We specifically looked at the data in the early stages of the screening process (companies we had entered as leads and the ones we conducted first calls with) in order to not bias the algorithm or give an unfair advantage to its human counterpart. A crunchbase dataset served as the baseline or source of truth if the companies had received follow-up funding ergo became successful from a funding perspective.

The performance of our model was then measured with an AUC-ROC curve, with different subsamples of the dataset, which is the standard method for ML models. Here, we want to understand if the model is generally capable of predicting the outcome of a company based on the data we provided, which is then measured by the Crunchbase data points, such as follow-up funding rounds (by high-ranking VCs), IPOs or acquisitions.

ROC

The initial results indicate that the model is good at initially identifying companies that become successful, with a successful pick rate of 72% and over 90% identification of less relevant opportunities. However, we also wanted to benchmark our approach to the selection made by our human investors to understand the potential shortcomings of our model and fine-tune our weighting system.

results

Here, the results of a logistical regression clearly show that the model performs worse than its human counterparts. The two lower rows are the results of Harvester, which show that the model gets better when we introduce a threshold (comment: we were able to focus our model better because we know what we are looking for and optimised for the highest Cherry-fit) for the scoring but is still far off the human judgement.

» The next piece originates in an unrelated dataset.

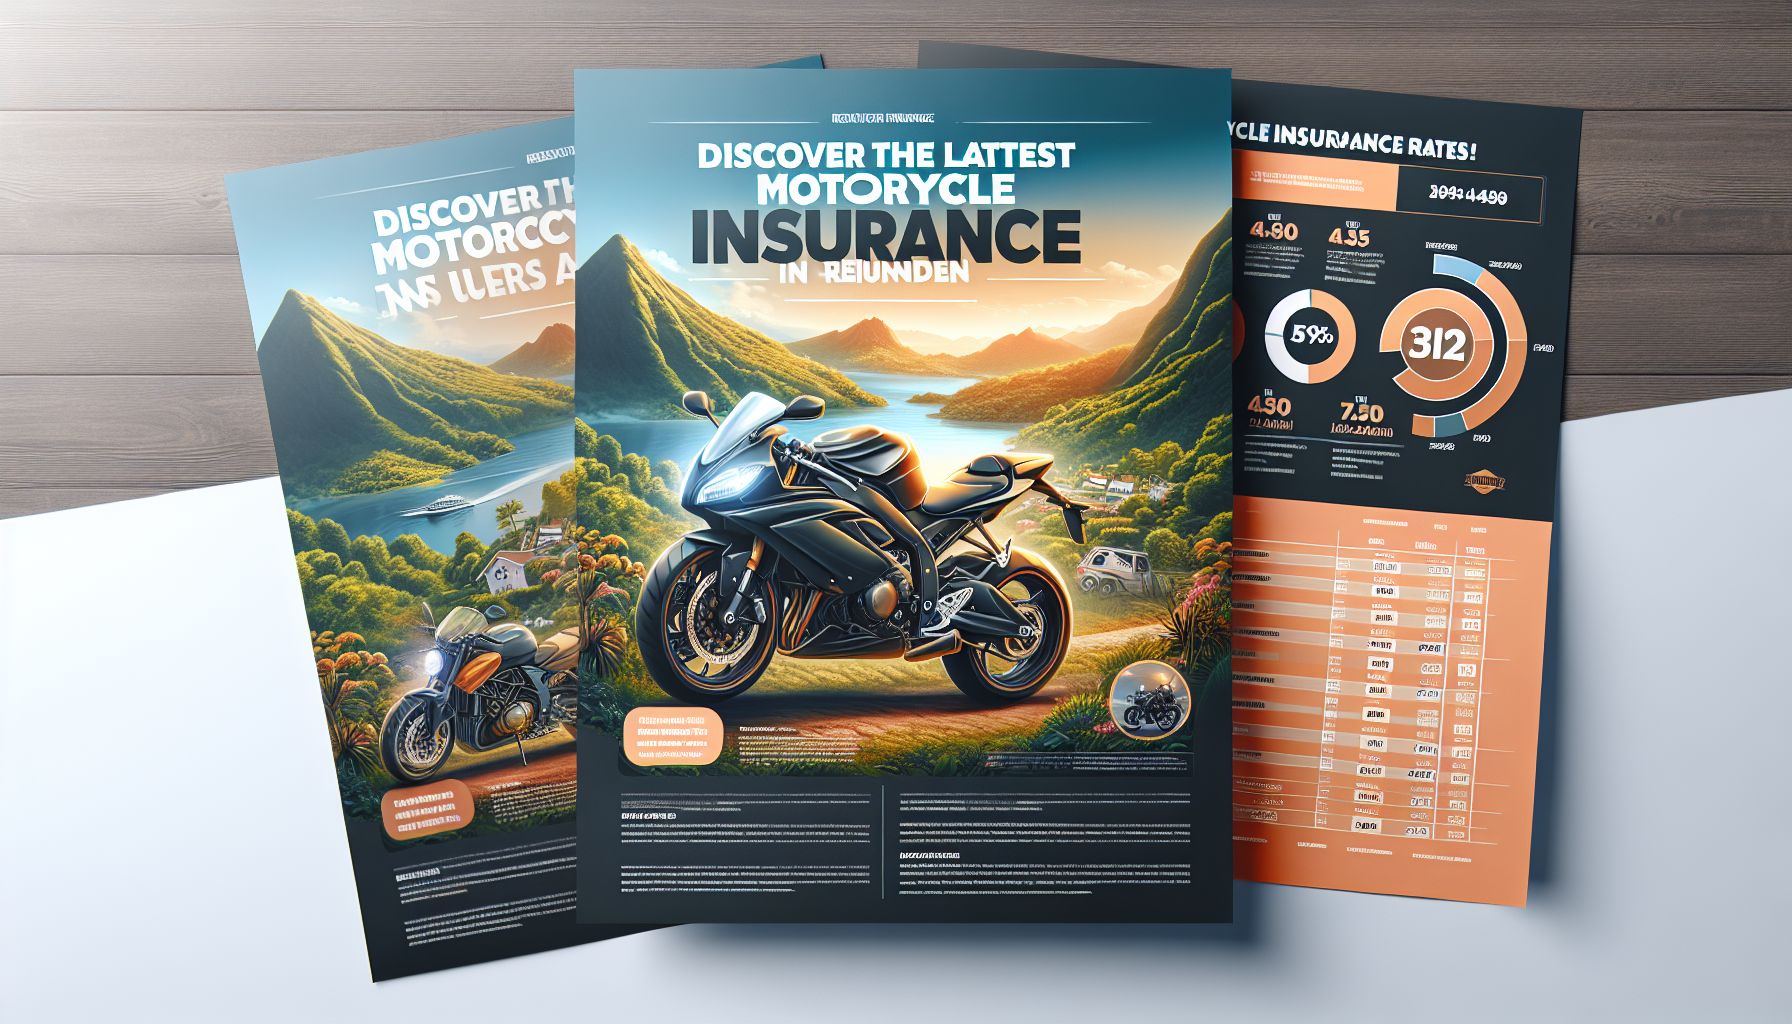 découvrez les derniers tarifs d'assurance moto à la réunion et trouvez la meilleure offre pour assurer votre véhicule au meilleur prix.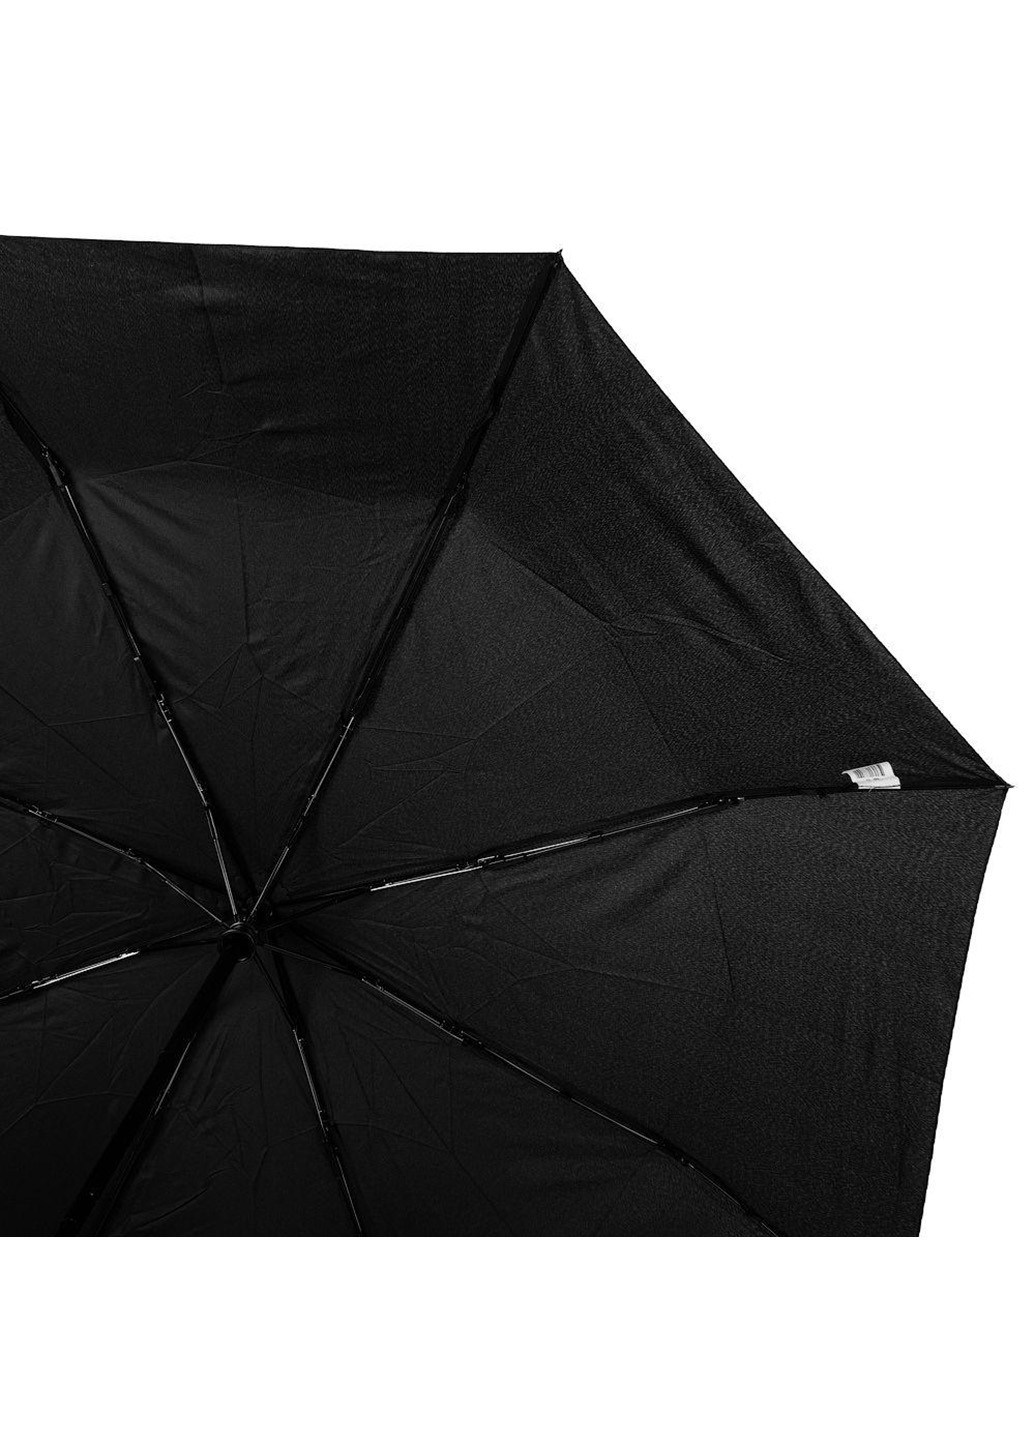 Мужской складной зонт полный автомат 104 см Art rain (216146428)

This suggests that companies deemed worthy investments by the analyst are substantially more likely to succeed compared to companies selected by the model, indicating an advantage of human intuition and potentially more data sources, such as expert calls, etc. So don't worry; the machines won't completely take over our jobs in the near future.

don't worry!

4. Summary

Data-driven methods in Venture Capital are here to stay. However, instead of replacing human interaction, including founder outreach (comment: "always prepared" as one of our core values), and decision making it rather augments the investor to screen more opportunities and therefore enables them to spend more time on teams and companies that genuinely fit the investment thesis of the fund. This was especially important for us at Cherry, as we only do ten to twelve investments a year and therefore have to be very selective with our investment choices, which sometimes means we have to pass on great teams.

Our vision is threefold: optimise selection for our ten annual investments, augment analysis during founder discussions with data-driven insights, and most critically, identify technical founders earlier in their journey. We optimise for depth over breadth — maximising time with the founders who will define the next generation of technology.